Но я хотел отвезти сына именно в миссию, и, кажется, он пришел в полный восторг от этой идеи. Еще Лионе с Тоби очень понравился «Бентли» с откидным верхом, хотя им и пришлось натянуть вязаные шапочки.
Как только мы приехали, я повел их на длинную неспешную прогулку по всем своим любимым садам и вокруг пруда с золотыми китайскими карпами, к огромной радости Тоби. Мы полюбовались всеми строениями миссии, какие имели отношение к жизни людей прошлых веков, и больше всего Тоби заворожил рассказ о сильном землетрясении, уничтожившем церковь.
Он не терял времени даром и, без устали щелкая фотоаппаратом в телефоне, сделал не один десяток наших портретов на всех мыслимых фонах.
Пока мы бродили по сувенирному магазину, рассматривая четки и индийские украшения, я спросил Лиону, можно ли мне повести Тоби в часовню на молитву.
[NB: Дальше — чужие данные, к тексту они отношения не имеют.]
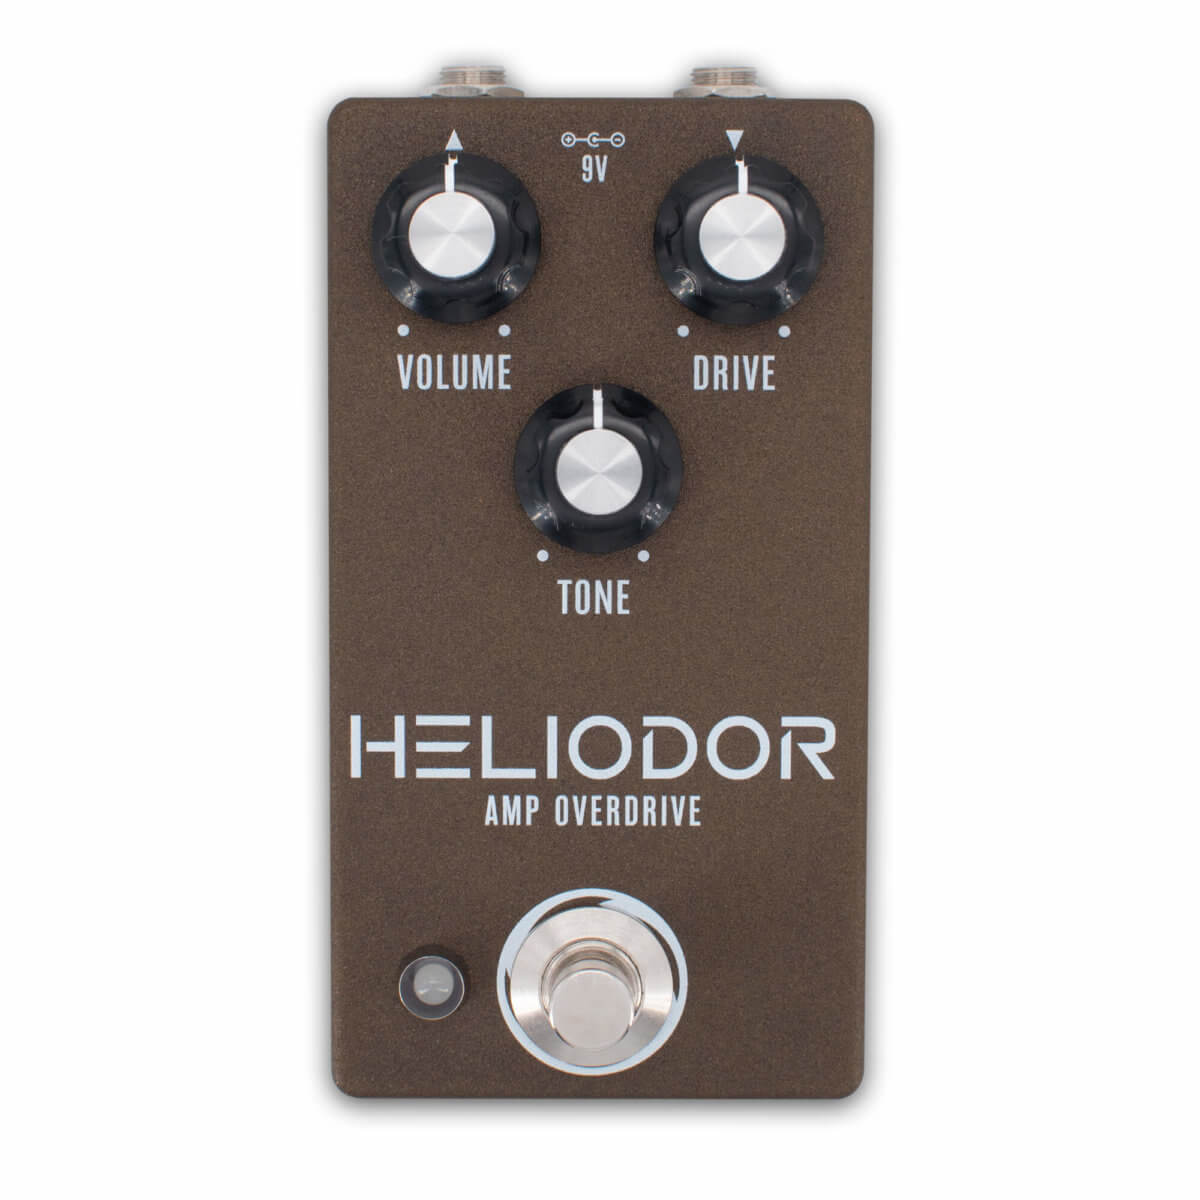 Heliodor Amp Overdrive / BOSS® OD-3 Overdrive - Aion FX

— Я знаю, что он иудей, — сказал я.
— Ничего страшного, — ответила она. — Просто возьми его с собой и объясни все так, как считаешь нужным.
Мы вошли в часовню на цыпочках, потому что внутри было сумеречно и тихо, несколько человек истово молились, сидя на простых деревянных скамьях, и свечи мерцали теплым благоговейным светом.
Я повел Тоби за собой, и мы опустились на колени у отдельно стоящей скамьи, предназначенной для жениха и невесты во время венчаний.
Я осознал, как много изменилось в моей жизни с появлением Малхии, с того дня, когда я в последний раз заходил в часовню и смотрел на табернакль, на небольшую копию дома Господня на алтаре и священный свет, льющийся из-за него.
Меня охватила благодарность за то, что я живу, не говоря уже о том, что мне предоставили в жизни такой шанс, не говоря уже о том, что мне даровали Тоби.